Orangutans make medicine, a new study found. They were caught on video chewing up a certain type of leaf to make a wet paste, then rubbing it on their joints. It helps with inflammation.

Orangutans are like Dr. House with more hair.

Amazingly, local people use the same paste in the same way, rubbing it on their bodies for muscle pain after a stroke and for sore bones and swelling. Mother orangutans use it after carrying their babies all day.

The word orang-utang means, in Indonesian, "forest man." Pretty good name, considering that they're about the same size as us, have similar facial features, and, being overweight, orange and large, look like a close relative of a certain overweight orange reality TV star.

They are also nearly as intelligent, building complicated nests to sleep in, using leaves as napkins and gloves, and using sticks as "autoerotic tools" to stimulate their genitals — tree dildos.

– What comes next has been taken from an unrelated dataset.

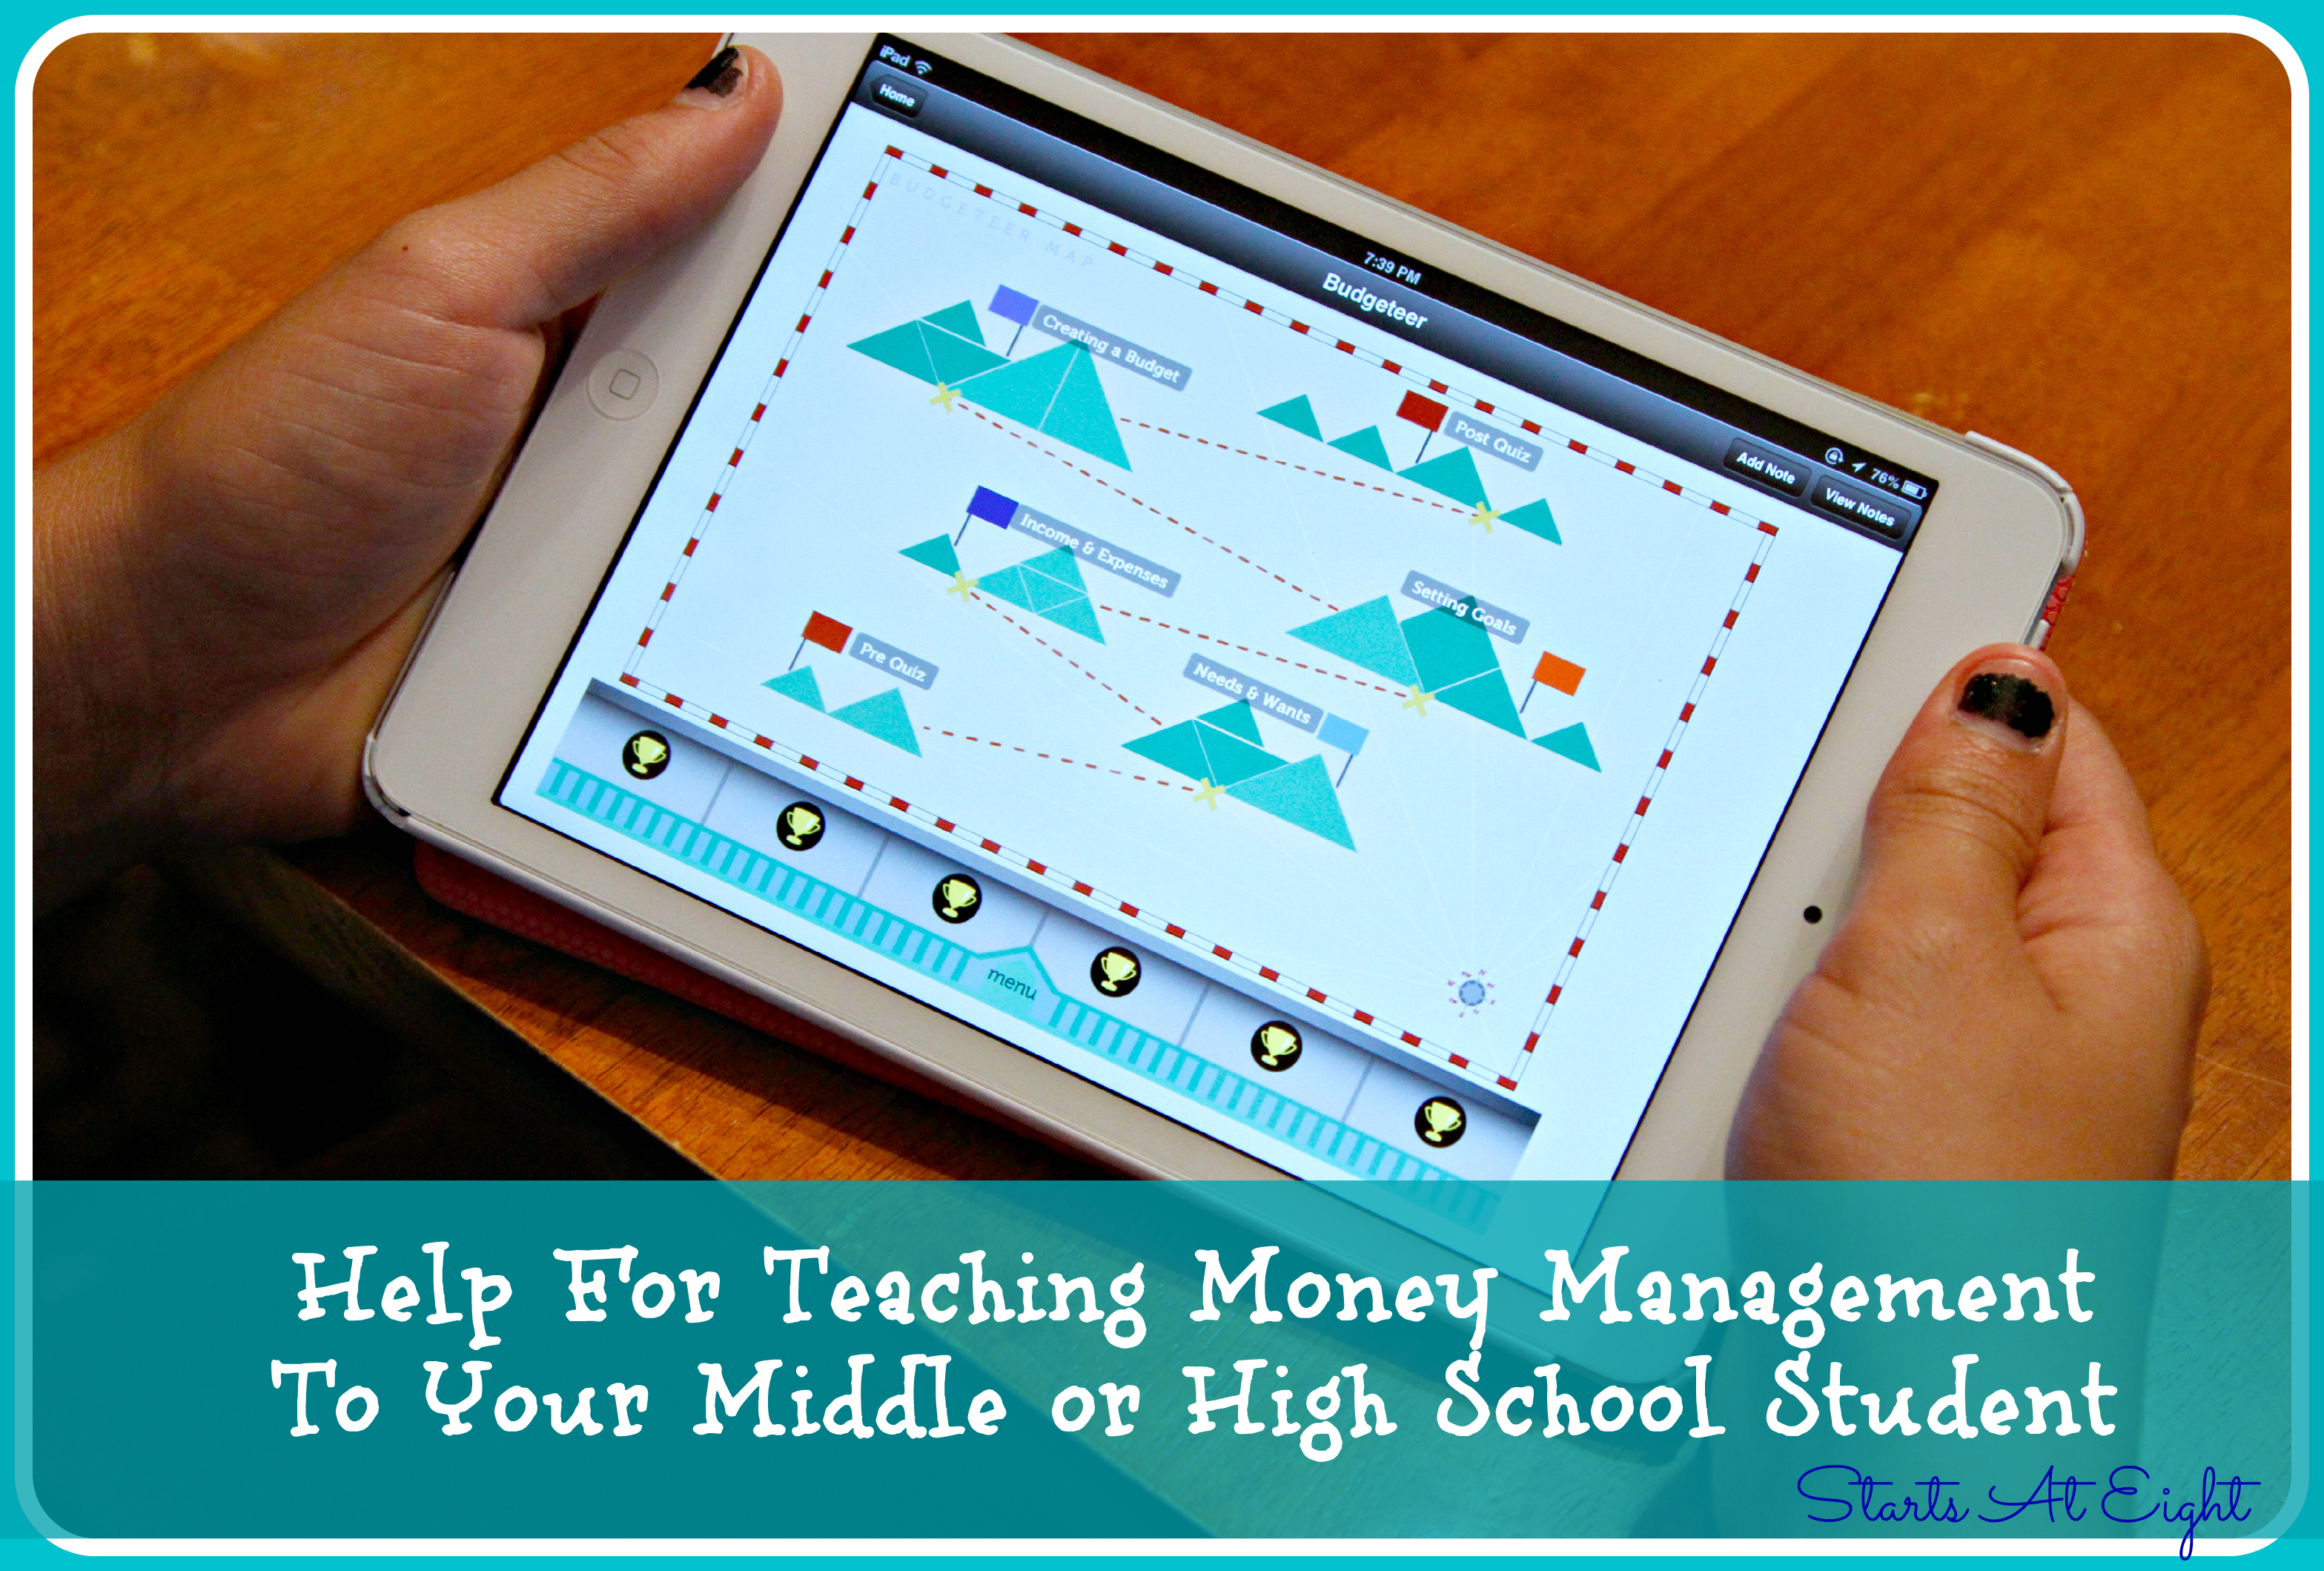 Help For Teaching Money Management To Your Middle or High School Student from Starts At Eight

But the finding that orangutans are secret medical geniuses shocked even those who know them intimately. This is the first time an animal has been seen applying an anti-inflammatory agent, said the scientific paper that resulted from the video. 

It's not the first time we've spotted animals using medicine, though. All kinds of animals use plants and insects to change their bodies for both medical and recreational purposes, same as you use Tylenol, weed and — let's face it — more weed. Tasmanian Wallabies chew opium poppies, jaguars eat ayahuasca and reindeer eat mushrooms.